Facebook Inc said on Thursday it had removed hundreds of Russia-initiated pages, accounts and groups that it judged to be involved in coordinated inauthentic behavior on its Facebook and Instagram platforms.
Facebook’s head of cybersecurity policy, Nathaniel Gleicher, said in a blog post it had unearthed two separate operations which originated in Russia, with one active in multiple countries across eastern Europe and the other specific to Ukraine.
The company said it had taken down about 364 Facebook Pages and accounts run by the first Russian network and operating in Baltic Sea states, Central Asia, the Caucasus, and Central and Eastern Europe, adding that these pages were linked to employees of Russian news agency Sputnik.

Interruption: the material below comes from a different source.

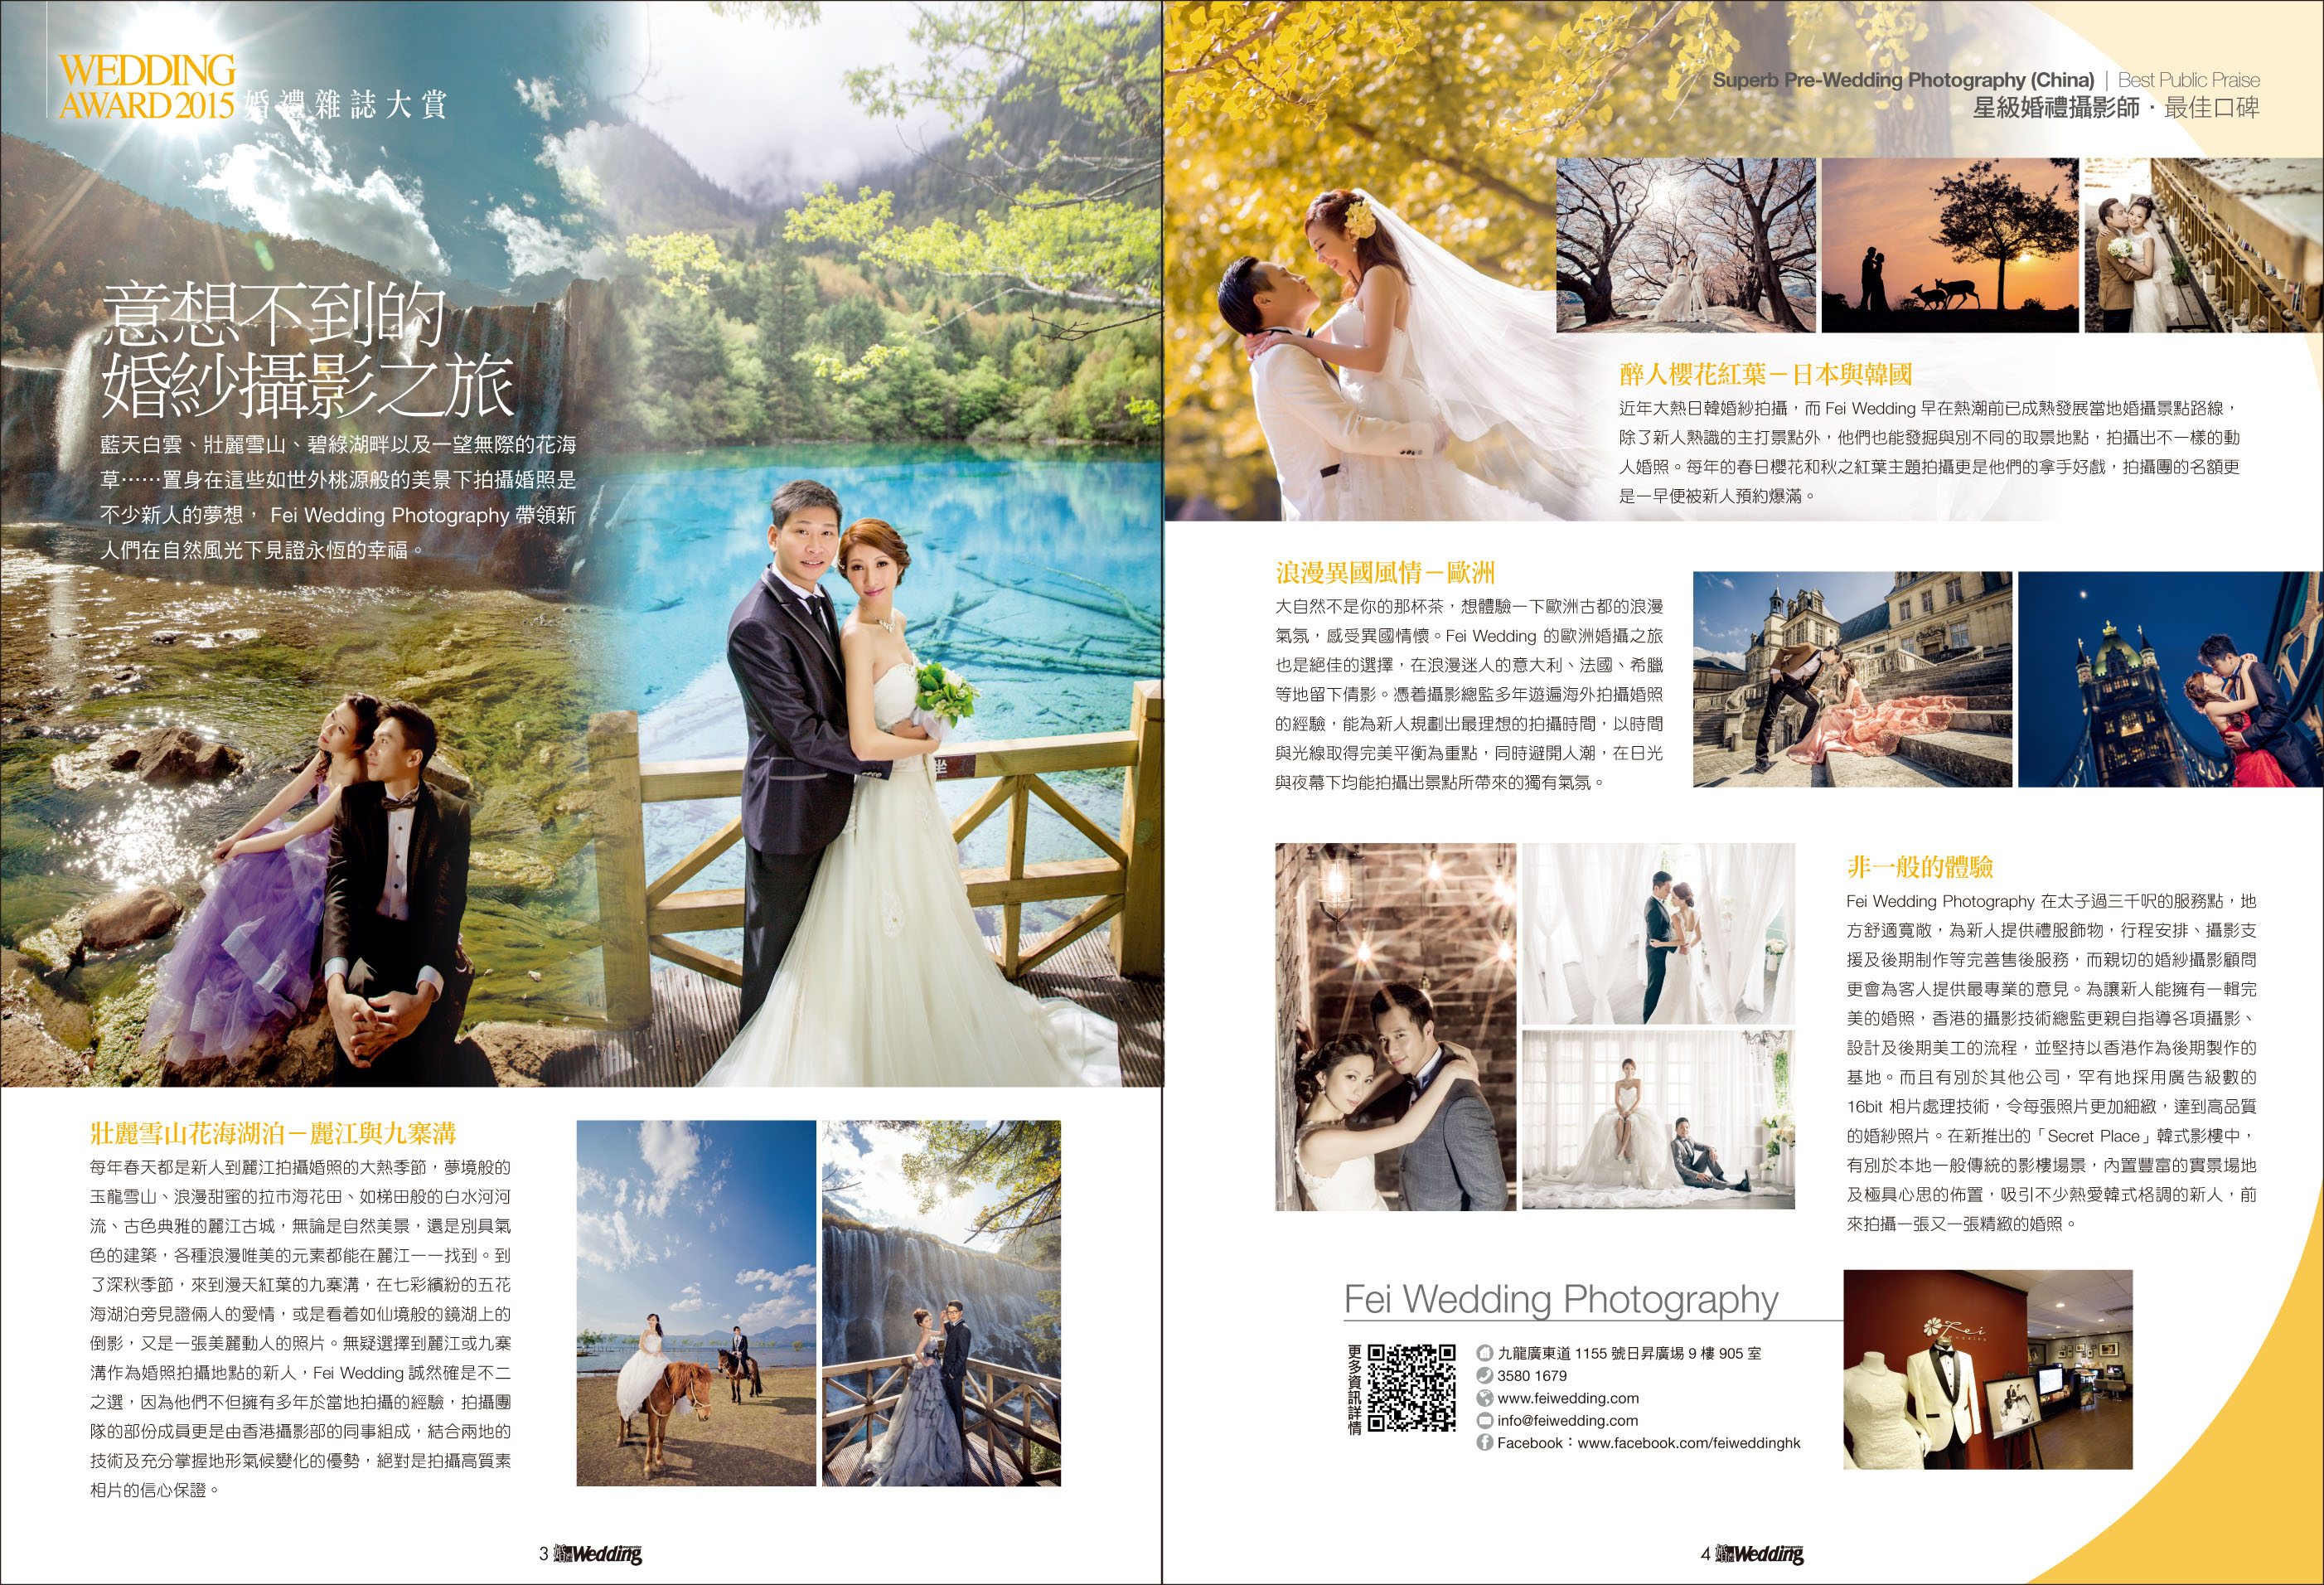 Fei Wedding 沉醉於大自然的懷抱 -  星級婚紗攝影 (中國) 最佳口碑 (婚禮雜誌 No. 173)
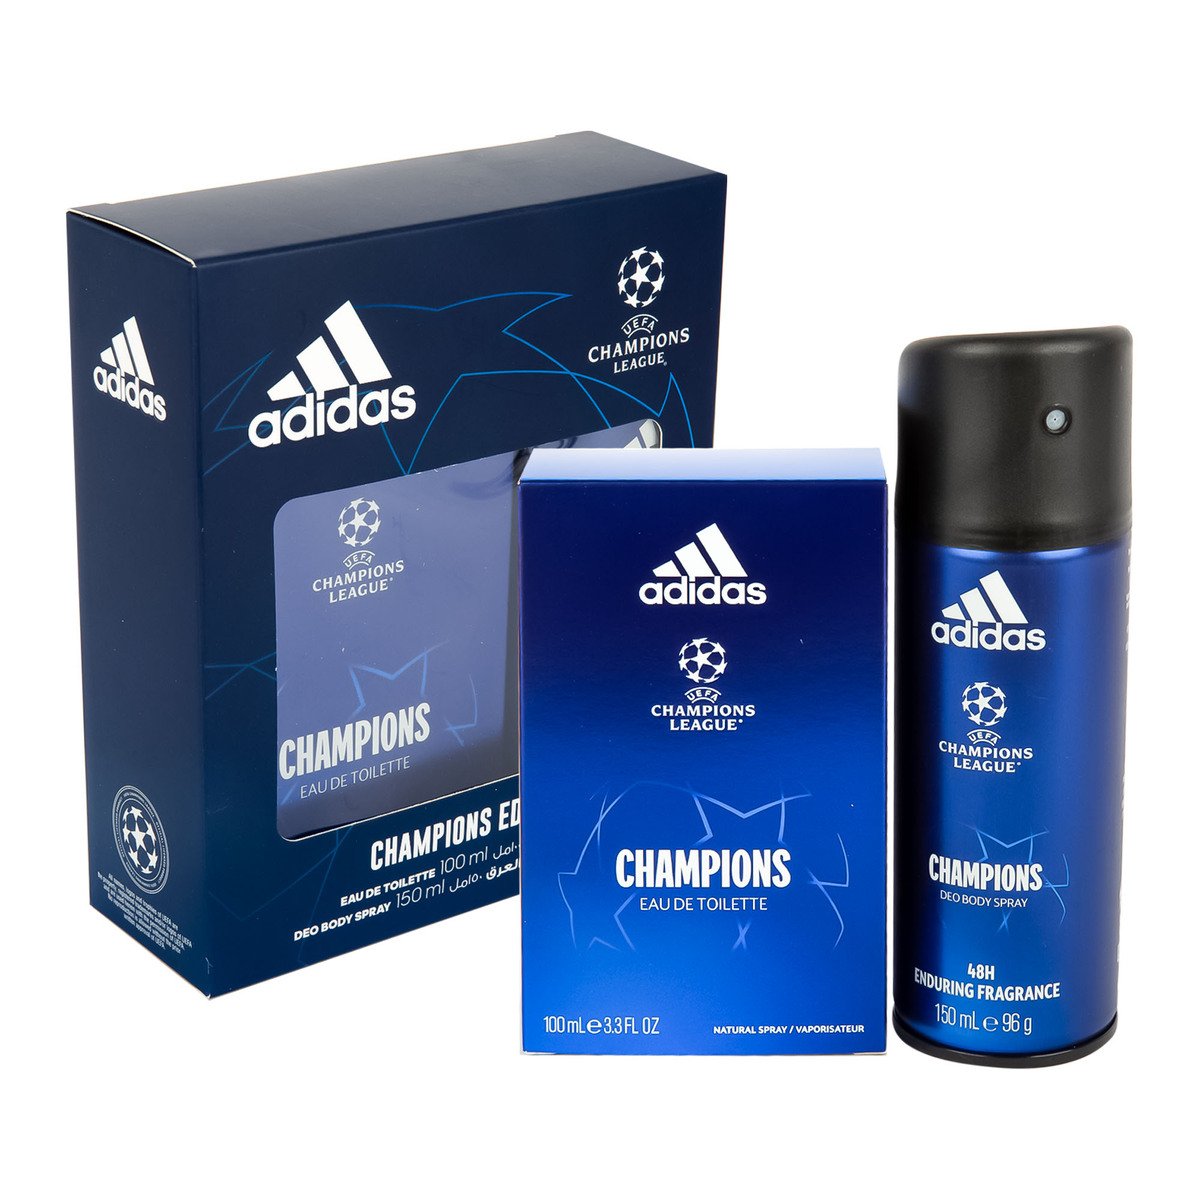 Adidas EDT UEFA Champion League 100 ml + Deo Body Spray 150 ml

“The Page administrators and account owners primarily represented themselves as independent news Pages or general interest Pages on topics like weather, travel, sports, economics, or politicians in Romania, Latvia, Estonia, Lithuania, Armenia, Azerbaijan, Georgia, Tajikistan, Uzbekistan, Kazakhstan, Moldova, Russia, and Kyrgyzstan. Despite their misrepresentations of their identities, we found that these Pages and accounts were linked to employees of Sputnik, a news agency based in Moscow, and that some of the Pages frequently posted about topics like anti-NATO sentiment, protest movements, and anti-corruption,” Facebook said.
The company also said that based on a tip from U.S. law enforcement, it had separately removed 107 Facebook pages, group and accounts and 41 Instagram accounts that originated in Russia and operated in Ukraine.
“We didn’t find any links between these operations, but they used similar tactics by creating networks of accounts to mislead others about who they were and what they were doing,” the company said.